Crusader_Decomp/docs/remorse-rebuild-abi-notes.md
2026-04-05 18:27:09 +02:00

7.6 KiB

Remorse Rebuild ABI Notes

Purpose

This note records the current ABI, memory-model, and toolchain constraints that should shape any future Remorse source reconstruction.

The class-lifting notes answer what the objects probably are. This note answers what the rebuilt source must still respect if it aims to become a working executable rather than only readable C++.

Current Baseline

The live target is not a flat modern Win32 program.

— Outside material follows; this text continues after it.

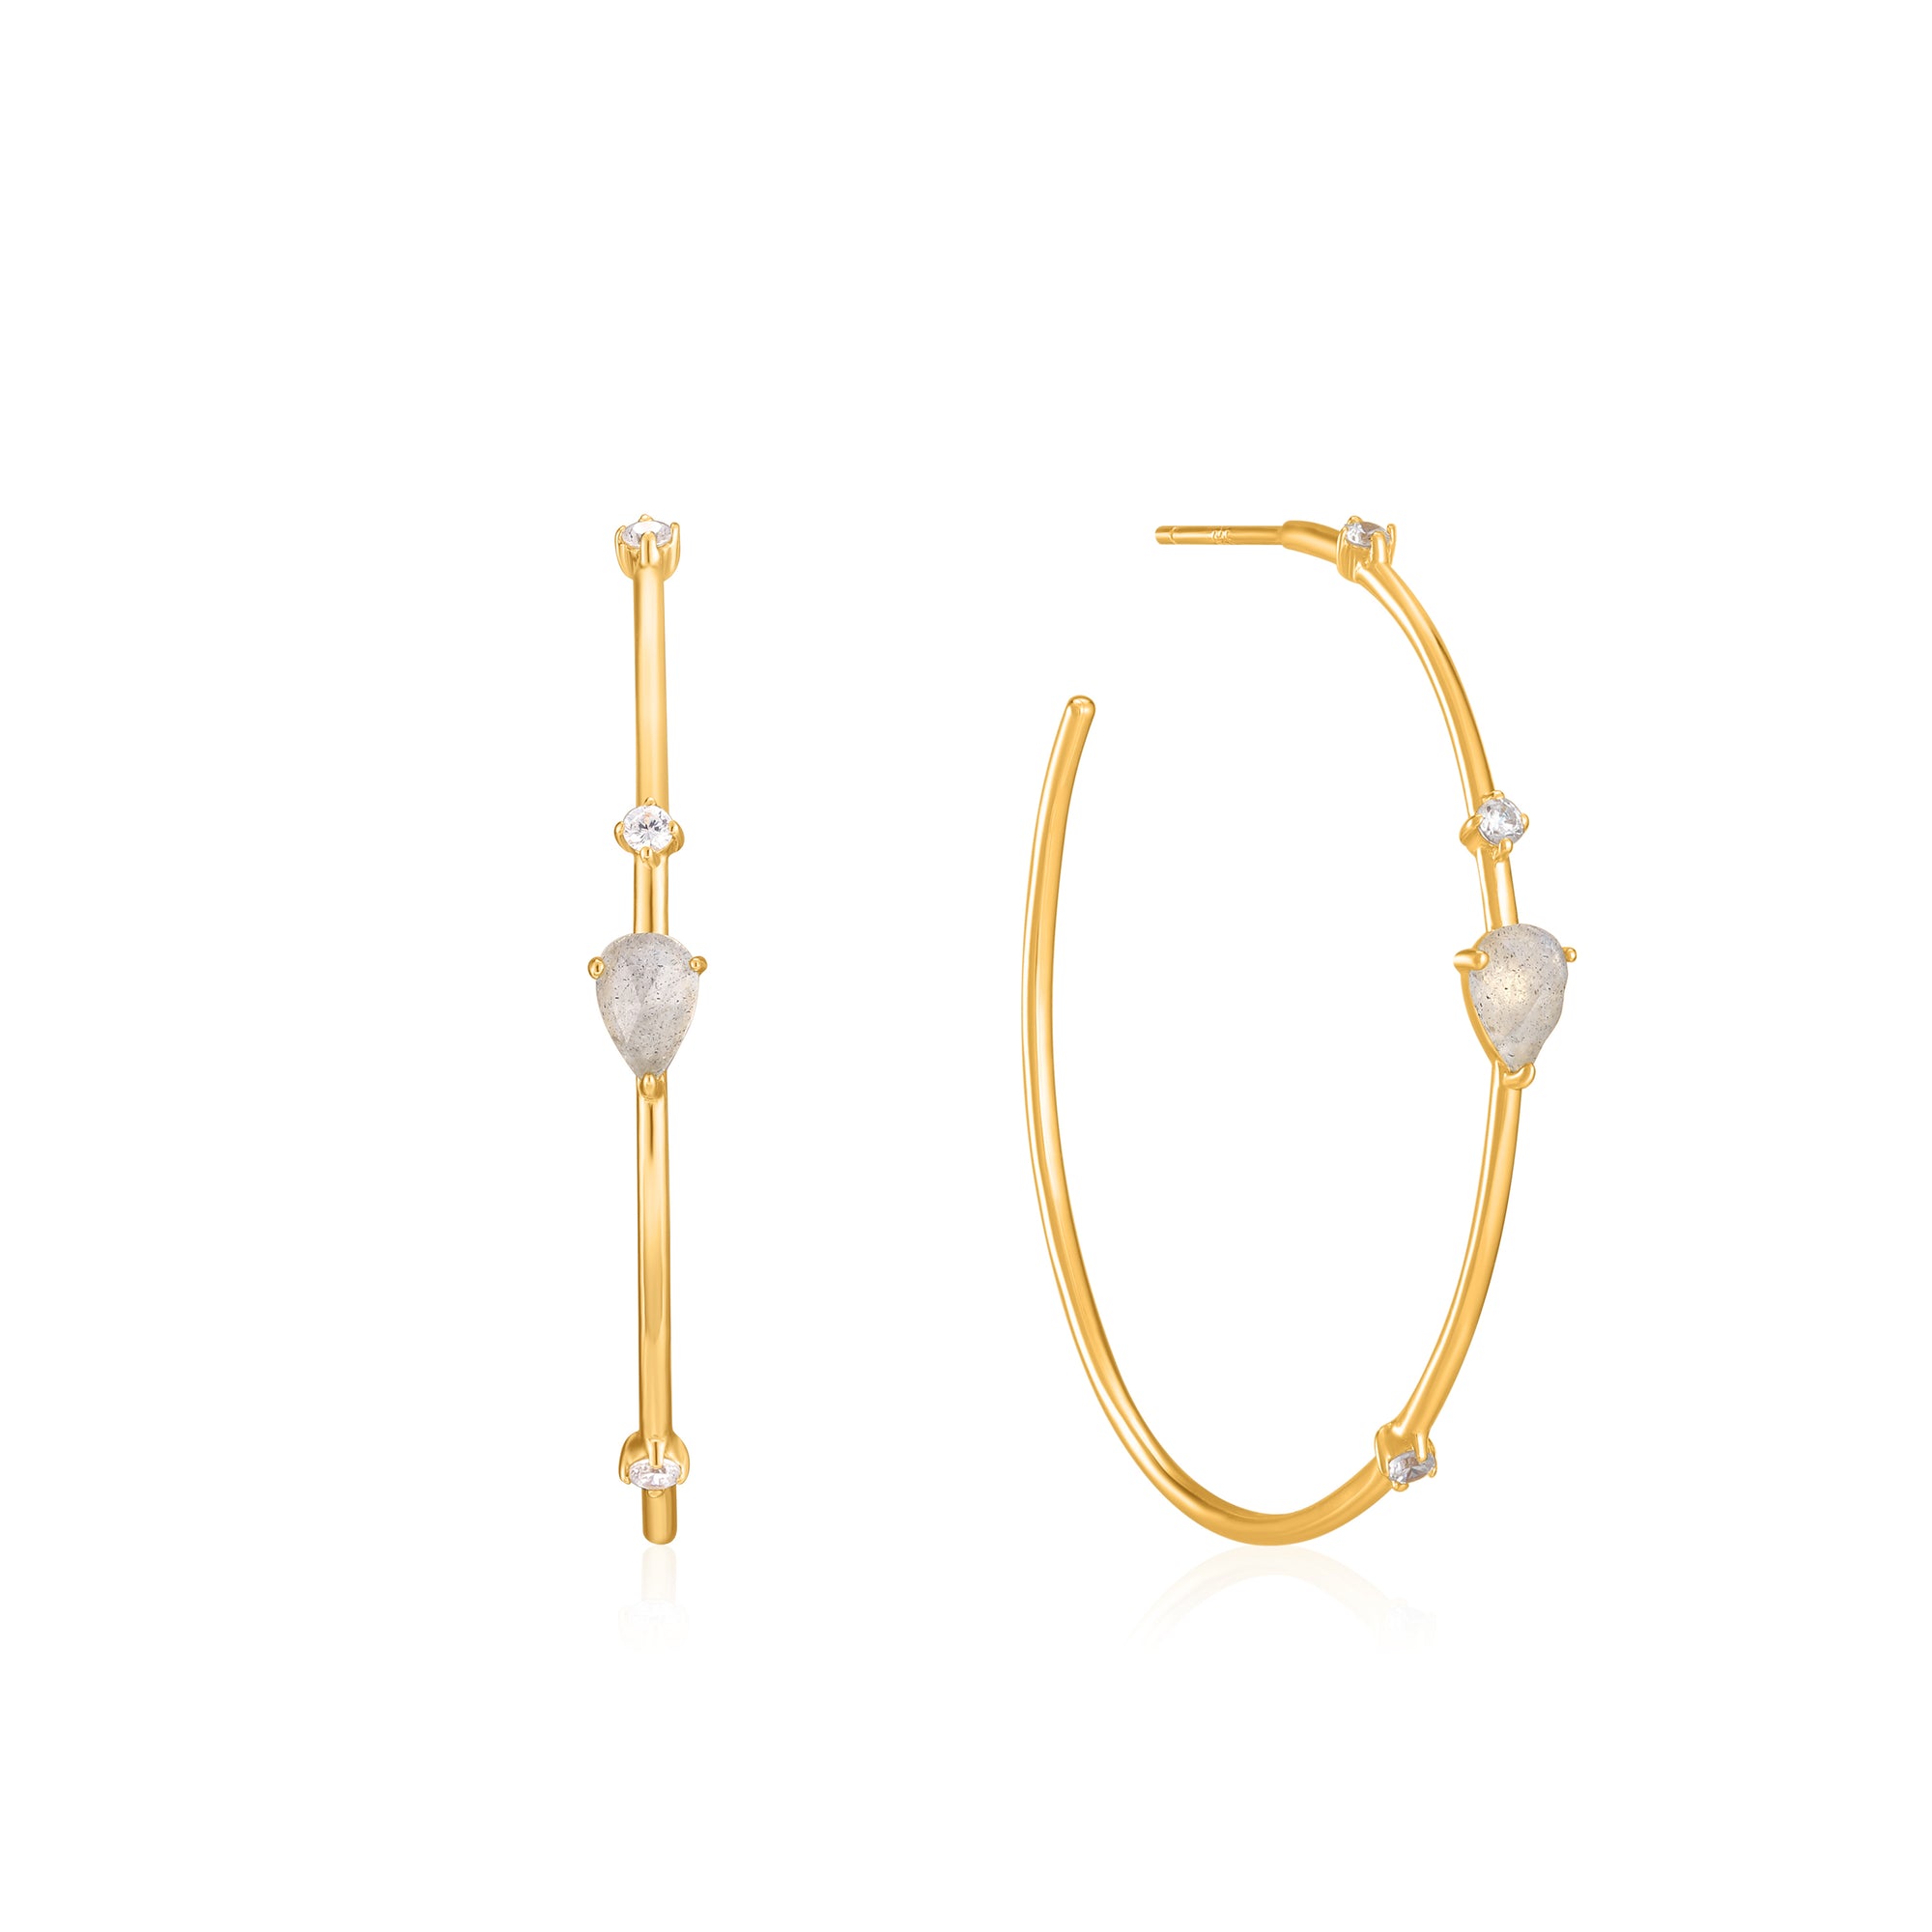 ANIA HAIE ANIA HAIE - Gold Midnight Hoop Earrings available at The Good Life Boutique

Current verified binary facts:

  • DOS target
  • 16-bit protected-mode environment
  • Phar Lap 286 DOS-Extender (RUN286)
  • bound MZ -> NE executable
  • heavy use of inter-segment and external CALLF fixups

That means the default safe assumption is:

  • segmented code/data model matters
  • near/far calls matter
  • pointer width and calling convention details matter
  • loader/runtime expectations matter

Hard Constraints Already Visible In The Binary

1. Segmented addressing is real, not presentation noise

Evidence:

  • executable format is MZ -> NE
  • raw import behavior collapses unresolved calls to 0000:ffff until NE fixups are applied
  • repaired raw import had thousands of internal literal CALLF sites patched to real segment:offset targets
  • the notes repeatedly distinguish far pointers, segment:offset storage, and per-segment relocation behavior

Practical implication:

  • a rebuild target that ignores far calls and far data pointers too early will drift away from the original executable model

2. Function boundaries and external calls are loader-sensitive

Evidence:

  • CALLF 0000:ffff is a placeholder used by the NE loader for real inter-segment/external targets
  • unresolved far thunk behavior in raw import is explicitly not a real dispatcher

Practical implication:

  • source emission must preserve which calls are logically intra-object methods and which ones are ABI-significant far calls or imported runtime/library calls

3. Runtime/library layer is not trivial glue

Evidence:

  • large Phar Lap runtime/extender segments remain part of startup and low-level system behavior
  • CRT wrappers and formatter/runtime helpers are explicitly identified
  • MetaWare High C formatting/runtime wrappers are present in the notes

Practical implication:

  • the original or near-original compiler/runtime environment matters enough that just compile with a modern compiler is not a safe early assumption for an original-style rebuild

4. Object layout is tightly coupled to exact field offsets

Evidence:

  • major gameplay and UI families are still being recovered by exact offsets
  • VM/runtime helpers, dispatch entries, and entity families all depend on stable field positions

Practical implication:

  • class lifting must preserve packed layout discipline and exact-width integer choices from the start

Current Best Toolchain Read

This is still a working model, not a closed historical claim.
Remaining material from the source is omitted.